As these examples illustrate, employees and their unions throughout the country are attempting to cope in innovative ways with the massive wave of mergers and hostile corporate takeovers that have swept the nation in recent years. The takeover wave, according to the AFL-CIO and a growing number of economists and politicians, has had a devastating effect on workers and communities.

About 80,000 union jobs have been eliminated as a result of mergers in the last five years, according to the AFL-CIO. Other studies say that takeover fights have dislocated upward of 500,000 workers, but there is no definitive research on the topic.

Additionally, increased merger and acquisition activity has tended to lower wages, according to a recent study by Richard S. Belous, labor economist with the Conference Board, a New York-based business research organization.

‘Most Important Issues’

“The impact of mergers and acquisitions on unions is one of the most important issues facing the labor movement today,” said Charles Craypo, professor of economics at Notre Dame University.

In response, the AFL-CIO and several unions are pushing a variety of legislative proposals on Capitol Hill in an attempt to put some brakes on merger mania and to give workers--both union and non-union--greater protection from the adverse results of corporate takeovers.

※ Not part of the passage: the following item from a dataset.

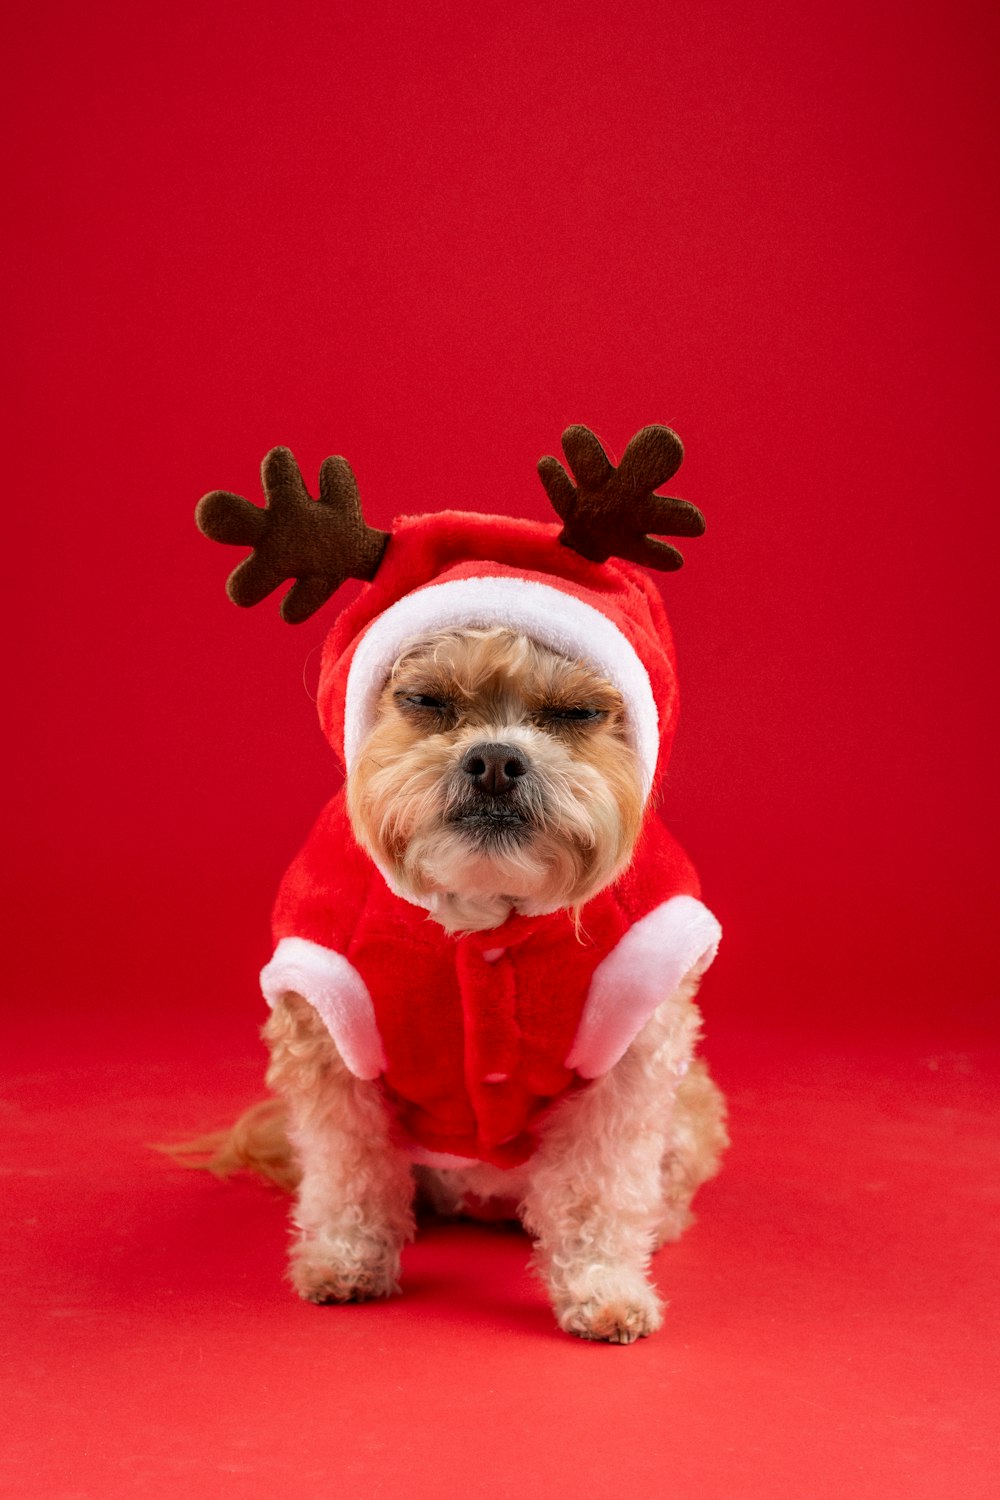 a small dog wearing a santa claus outfit
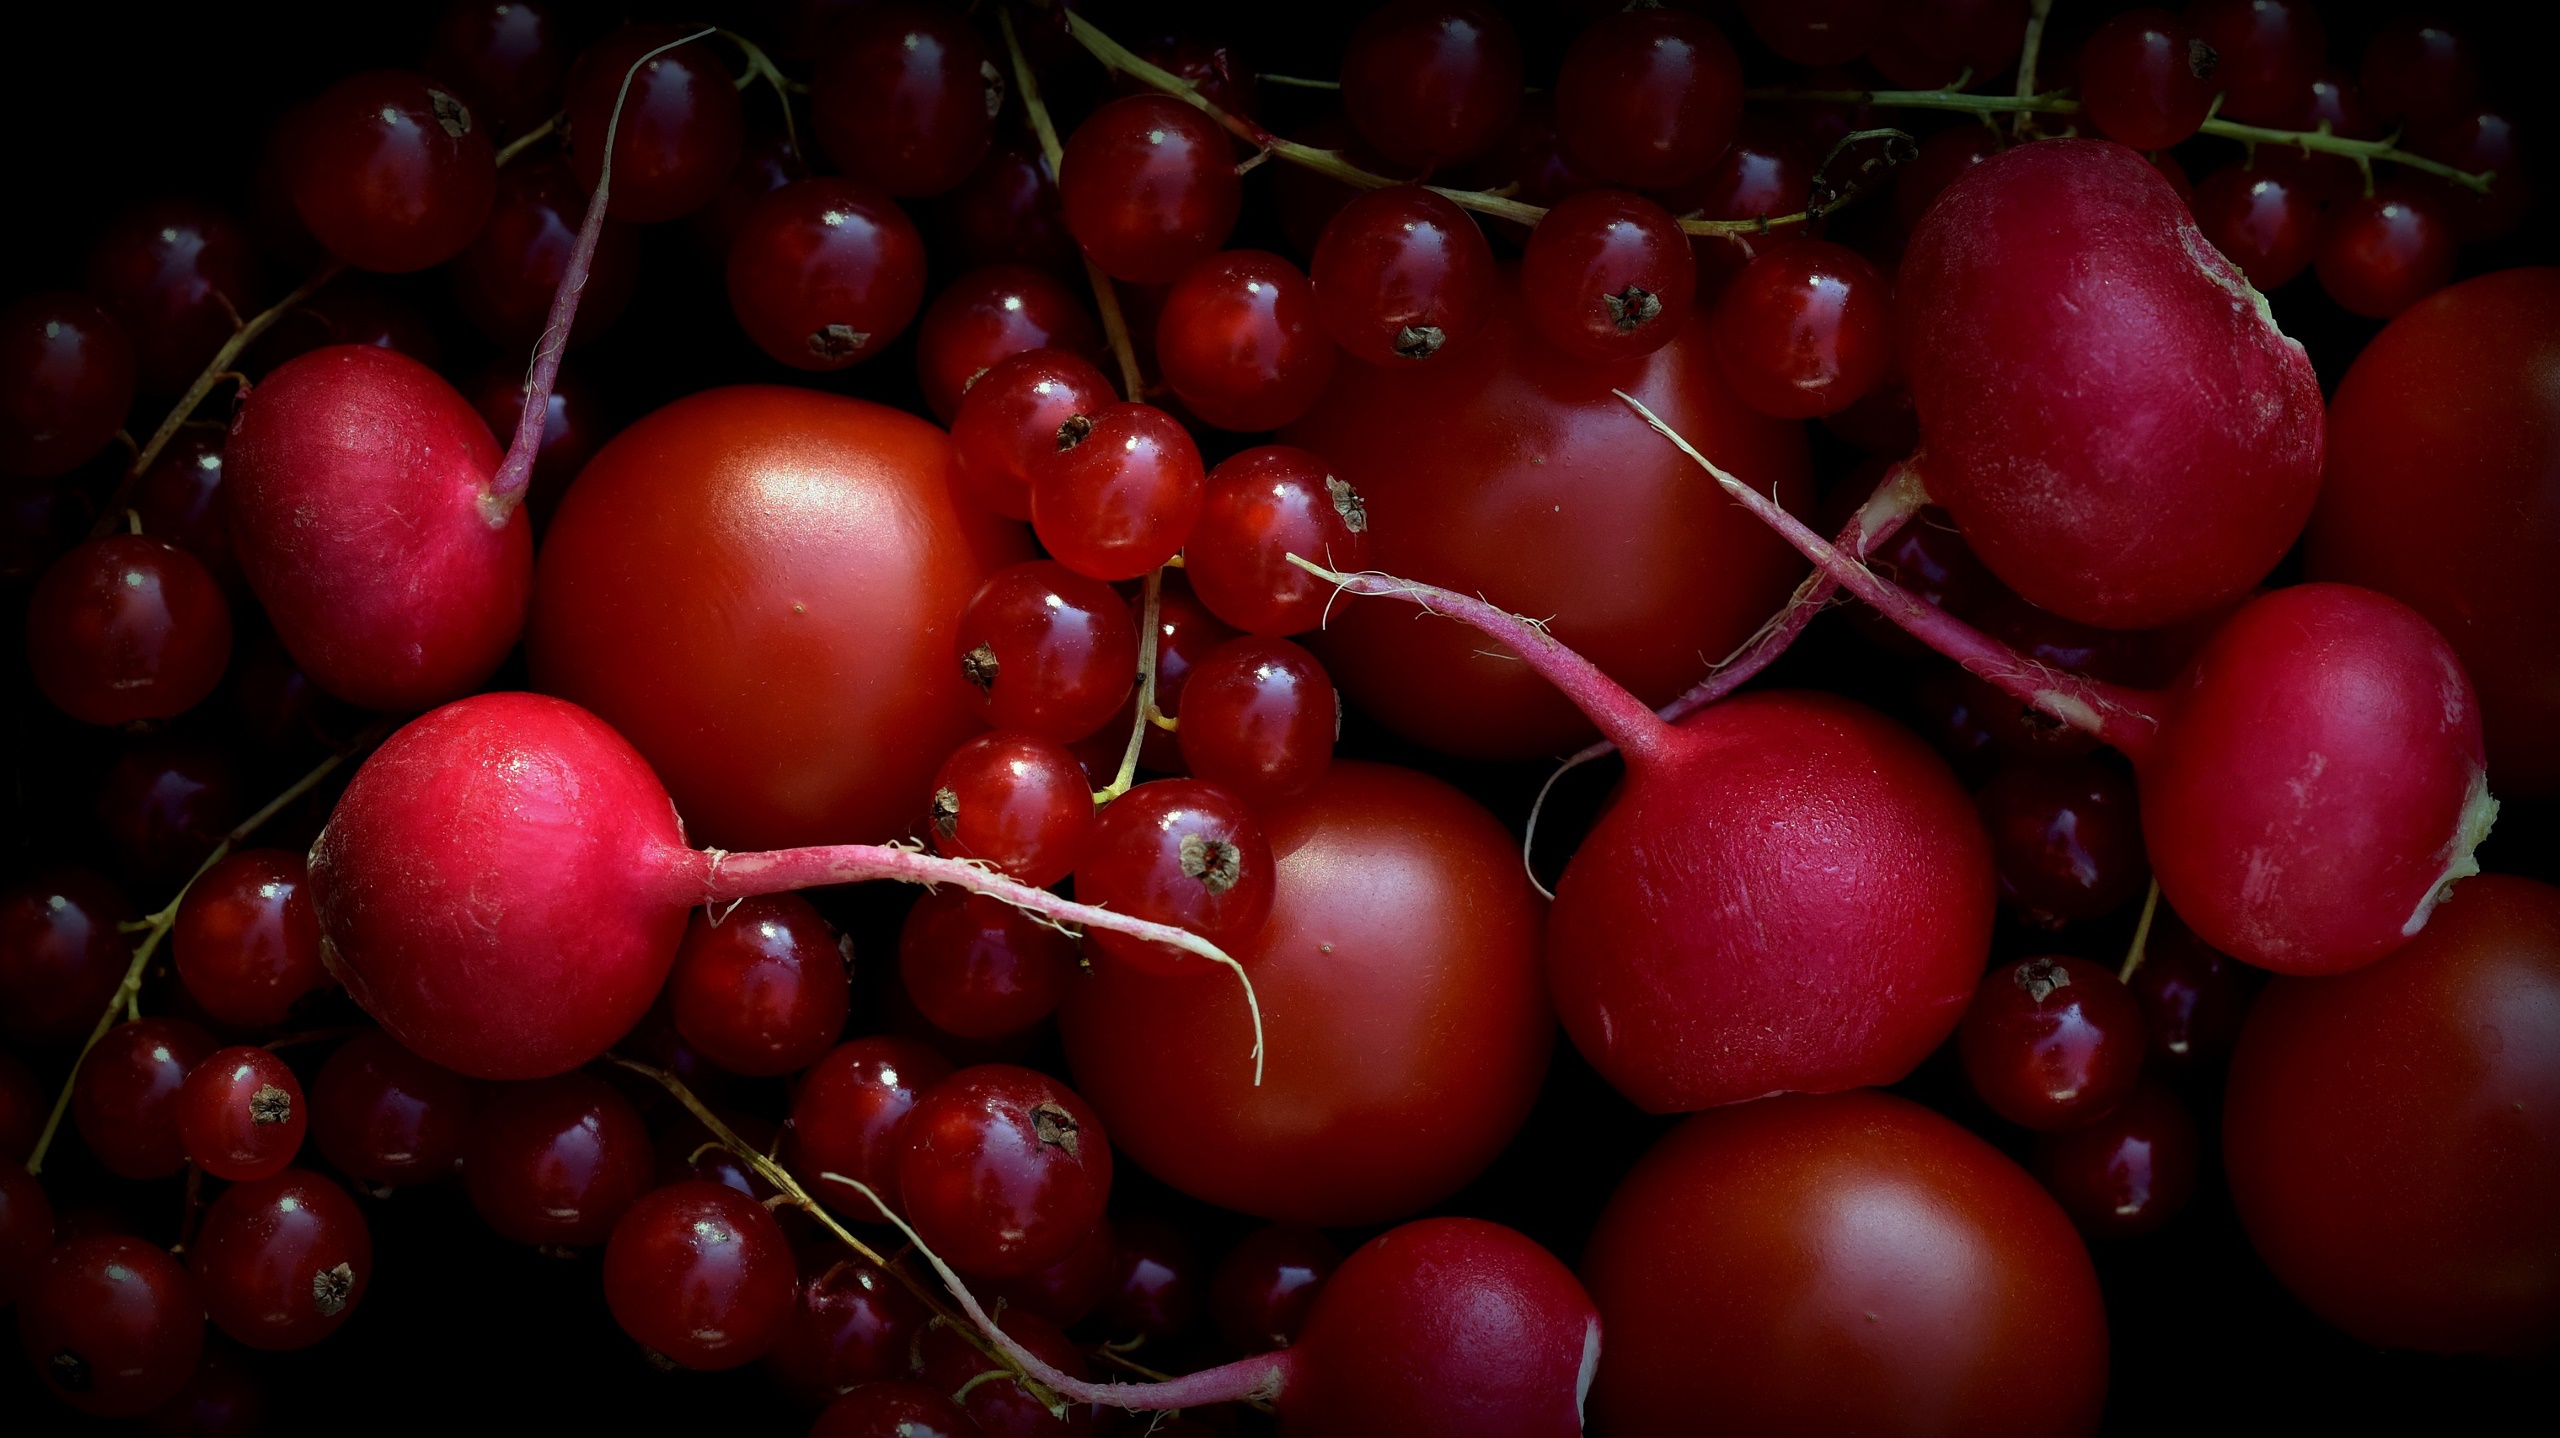 Red Food Fruit Vegetables Radish Tomatoes Red Currant 2560x1438

They also are taking their case to the public in other ways. In late March, members of the Hotel Employees and six other unions held a demonstration at the Wall Street office of Drexel Burnham Lambert contending that the firm’s role as a financier of corporate takeovers has led to quick profits for a few individuals and companies but job losses, lower wages, worsened working conditions and other hardships for thousands of employees.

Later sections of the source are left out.